Me too, I didn't realize that it was access-restricted.  The title was 
"Lorentz contraction and current-carrying wires" in case you can find it 
elsewhere.  It's not a research paper anyway, and they just give an 
example where what appears an a purely magnetic force in one frame can't 
be reduced to a purely electric force, but only to different mixes of 
electric and magentic forces.

I'll just quote a bit from the introduction and the conclusion:

"This sets the scene for the following argument. Imagine a charged 
particle q moving parallel to the current-carrying wire at the electron 
drift velocity1 . In the ion frame, the interaction between the wire and 
the charged particle is described in terms of magnetostatics. In the 
electron frame, this interaction is described in terms of 
electrostatics—see figure 1.  Special relativity is then invoked to show 
that the two expressions can be transformed into one another.

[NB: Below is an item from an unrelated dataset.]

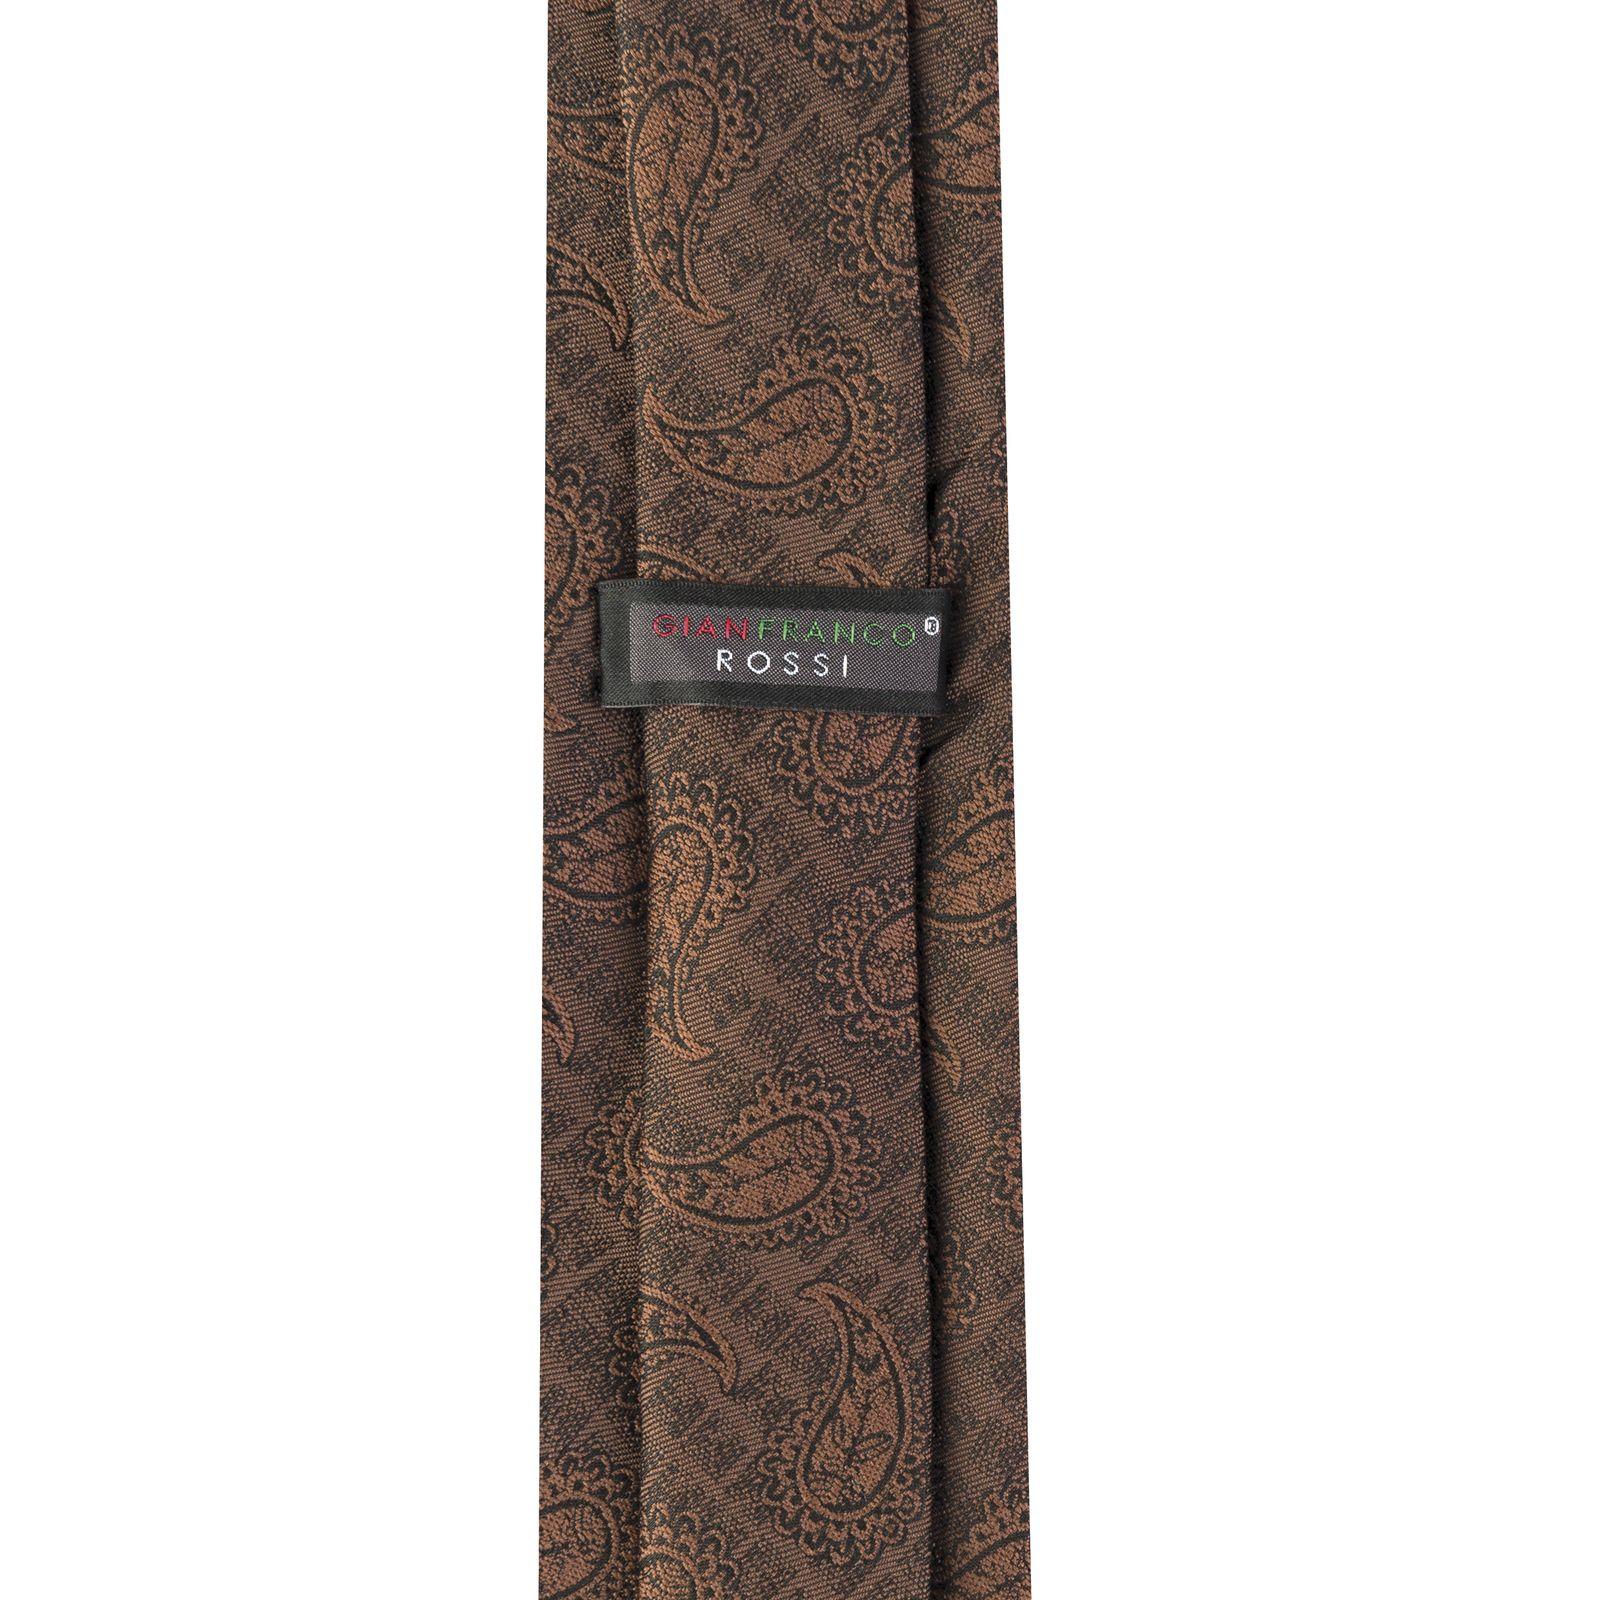 ست کراوات و دستمال جیب و گل کت مردانه جیان فرانکو روسی مدل GF-PA923-BR -  - 6

Unless warned explicitly, a student following this line of thought may 
well be left with the impression that either electrostatics or 
magnetostatics is redundant. In this paper, I will use the closely 
related example of the force between two parallel wires carrying equal 
currents in the same direction to illustrate that both electrostatics 
and magnetostatics need to be retained."
...
"This derivation shows that the force between two parallel 
current-carrying wires is purely magnetostatic in the rest frame of the 
wires, but is a combination of electrostatic and magnetostatic forces in 
the electron frame. This result should serve to dispel any notion of 
redundancy of electrostatics or magnetostatics. While the derivation is 
primarily aimed at the introductory undergraduate level, it could also 
serve to limit the risk of seeing electromagnetic fields as something 
that can only be done in the context of antisymmetric second-rank 
tensors in higher level courses."


I don't have any idea how much to trust the author's conclusions though, 
and I've had an irritatingly difficult time finding a definitive answer 
on Google from a source I feel I can trust more.